На пороге больницы их встретила медсестра — высокая голубоглазая шатенка на вид лет тридцати. В её лице не было ничего выдающегося, кроме глаз. Они действительно были очень красивы, однако в них виднелось нечто не совсем ясное, но определённо настораживающее. Надет на женщине был идеально чистый халат с красным крестом на левой груди. Звали её фрау Нойман.
Фрау поговорила с тем мужчиной, что вёл эту группу к ней и отпустила его. Далее последовал приказ следовать её указаниям, и она направилась к главному входу, а за ней и все дети. Когда эта дама шла вперёд, казалось, что она флагман какой-то Непобедимой армады. Она чеканила ровные шаги, высоко подняв грудь и задрав нос. Лица больных, вышедших на прогулку во двор и заставших это шествие, выражали нечто среднее между невыносимым страхом и нервным трепетом.
Марта быстро поняла, что эта женщина здесь играет какую-то немаловажную роль. Оставалось лишь выяснить, кому она внушает свой авторитет — себе или всем остальным.

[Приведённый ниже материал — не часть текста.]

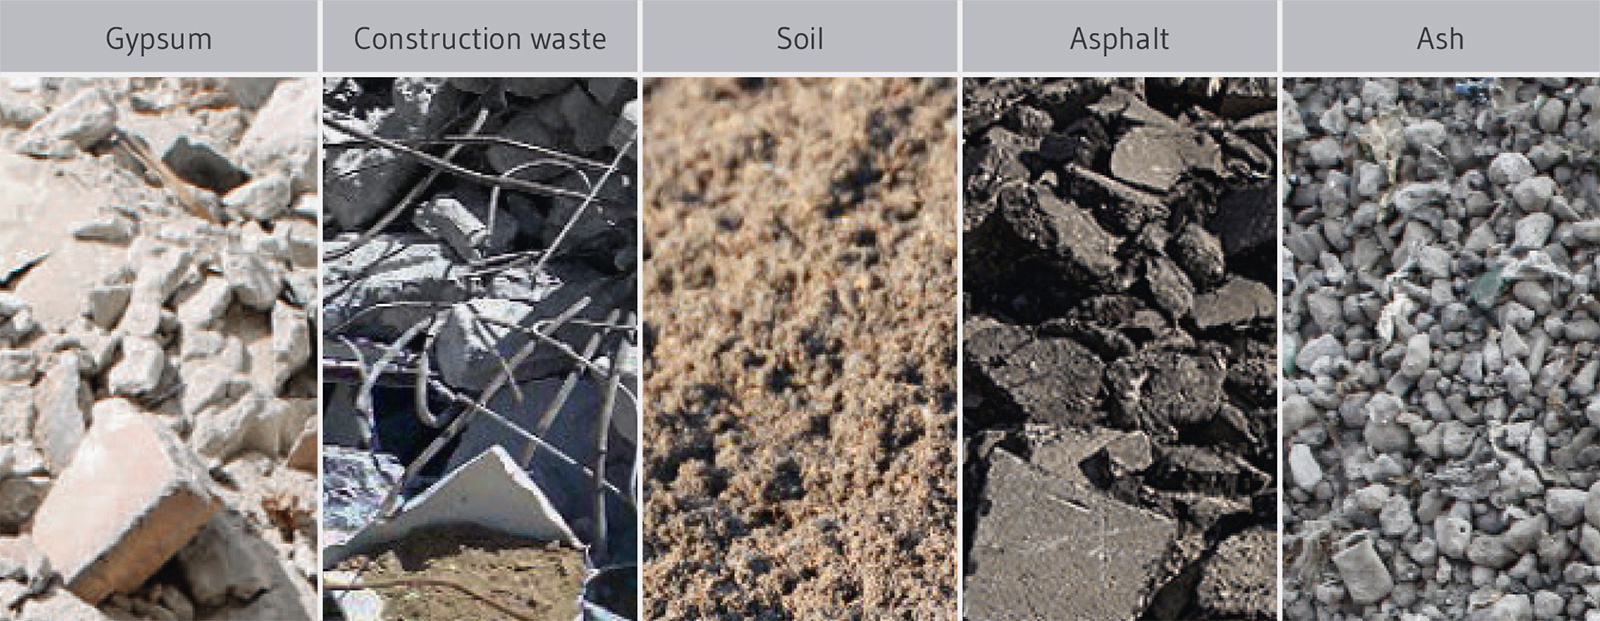 Mineral waste such as building rubble, soil or asphalt can be partially recycled

На крыльце фрау Нойман открыла высокую тяжёлую железную дверь. Скрип, издаваемый ею, Марта посчитала плохим знаком. Когда дети вошли, они увидели длинный коридор, пол которого был выложен белой плиткой, в щелях между которой уже давно скопился мусор свидетельствовавший о должном уровне санитарии; а стены — выкрашены в бледно-зелёный цвет. По всему периметру прохода располагались комнаты с толстыми дверьми, которые, казалось, просто невозможно открыть. В самом начале была входная дверь, а над ней — одинокая лампочка, заключённая в железную решётку. С другого конца виднелся проход поменьше со стеклянной вставкой, которую так же закрывали ржавые прутья. Фрау вела их именно туда.
8
За первым коридором следовала приёмная. Стены её были выкрашены бледно-жёлтой краской, а пол так же выложен белой плиткой. В тесной каморке с прилавком сидела седоволосая женщина в круглых толстых очках и перебирала какие-то бумаги. Когда фрау Нойман прошла мимо неё, дама аккуратно приподняла взгляд и испуганно посмотрела на медсестру. Та не обратила внимания и повела детей к следующей двери.

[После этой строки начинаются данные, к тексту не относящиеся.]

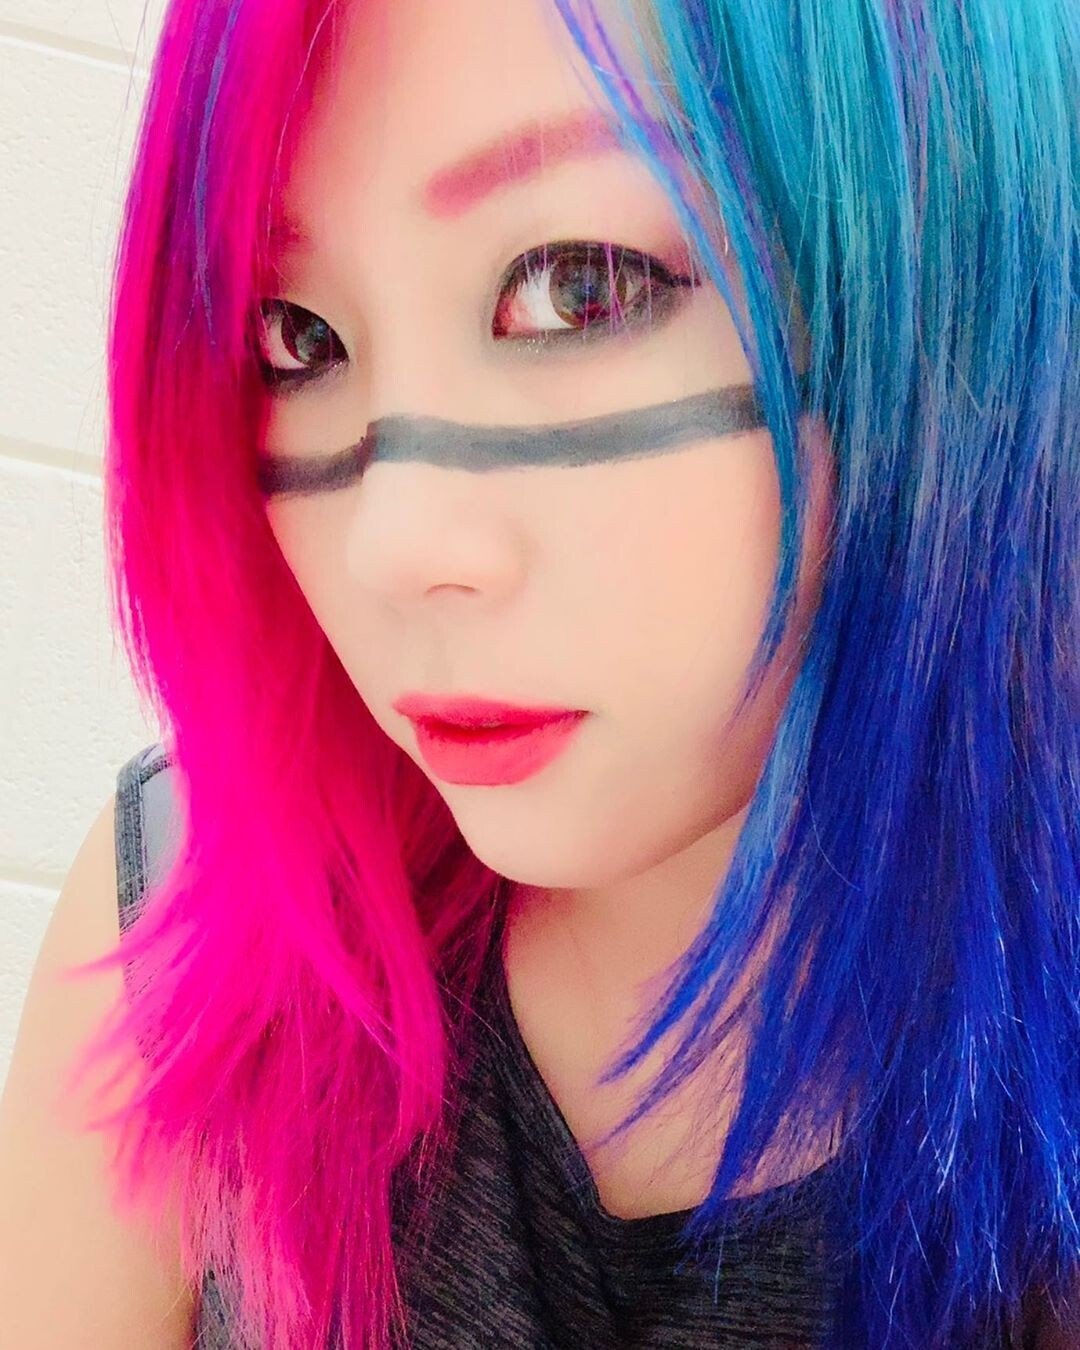 And in the pink and blue corner is WWE champ Asuka. Photo: @wwe_asuka/Instagram

Вся группа нырнула в ещё один коридор. Выглядел он так же, как и первый. Отличалось в них лишь освещение — в первом висела большая лампа, источающая белый свет; а второй же был подсвечен лишь одной массивной лампой, из которой исходил приглушённый жёлтый свет.
Здесь уже были комнаты, в которых содержались больные. В каждую из них вела дверца, гораздо меньшая по размеру, чем в первом проходе, но выглядящая в целом так же. Проходя мимо, можно было заглянуть внутрь через всё те же стеклянные вставки, укрытые решётками. Фрау начала распределение.
Марту определили в девятую комнату, а её соседями стали Вильгельм Рихтер и Кассандра Шифферман. Медсестра закончила разделение и приказала всем пройти на свои места. Затем она достала большую связку ключей и стала по очереди запирать двери.
Новая спальня Марты не была такой уютной как старая: снова те же зелёные стены и белая плитка, а ещё одинокое окно неподалёку от кровати, на котором от ветра немного покачивался полупрозрачный тюль. Рядом с койкой стояла маленькая тумбочка — вещей у детей не было, поэтому применения ей фройлен не нашла. То, что называли кроватями здесь, скорее было просто спальным местом: тонконогая железная основа, казалось, вот-вот сломается и провалится; а лежавший на ней продавленный матрас едва ли был удобнее собачьей лежанки.
Девочка прошла по комнате, осмотрев её вдоль и поперёк. Марта сделала вывод, что здесь кто-то жил незадолго до неё — об этом свидетельствовал тот факт, что комната была слишком грязной. Дело было не в пыли на полу или паутине на стенах — вся палата была в странных еле заметных красновато-белых пятнах, а на стенах проступали легкие царапины, очевидно, от человеческих ногтей. Что здесь происходило? И куда делся ребёнок, живший здесь не так давно?
Марта заинтересовалась и стала искать ещё какие-нибудь следы прошлых жильцов. Она решила заглянуть за высокий старый шкафчик — он был поставлен здесь так же для детских вещей. Судя по всему, стоит он здесь уже действительно очень давно — сильно потрёпан да и к тому же не похож на современную мебель. Шкаф плотно приставал к стене, потому заглянуть за него через узенькую щёлочку было можно, но густая тень скрывала всё, что бы там ни было. Но у него были небольшие ножки, поднимавшие его с земли, поэтому девочка опустилась на пол и просунула руку в тёмное пространство под этим деревянным колосом. Ей удалось нащупать там что-то, она схватила нечто и вытащила пожелтевшую от времени бумажку.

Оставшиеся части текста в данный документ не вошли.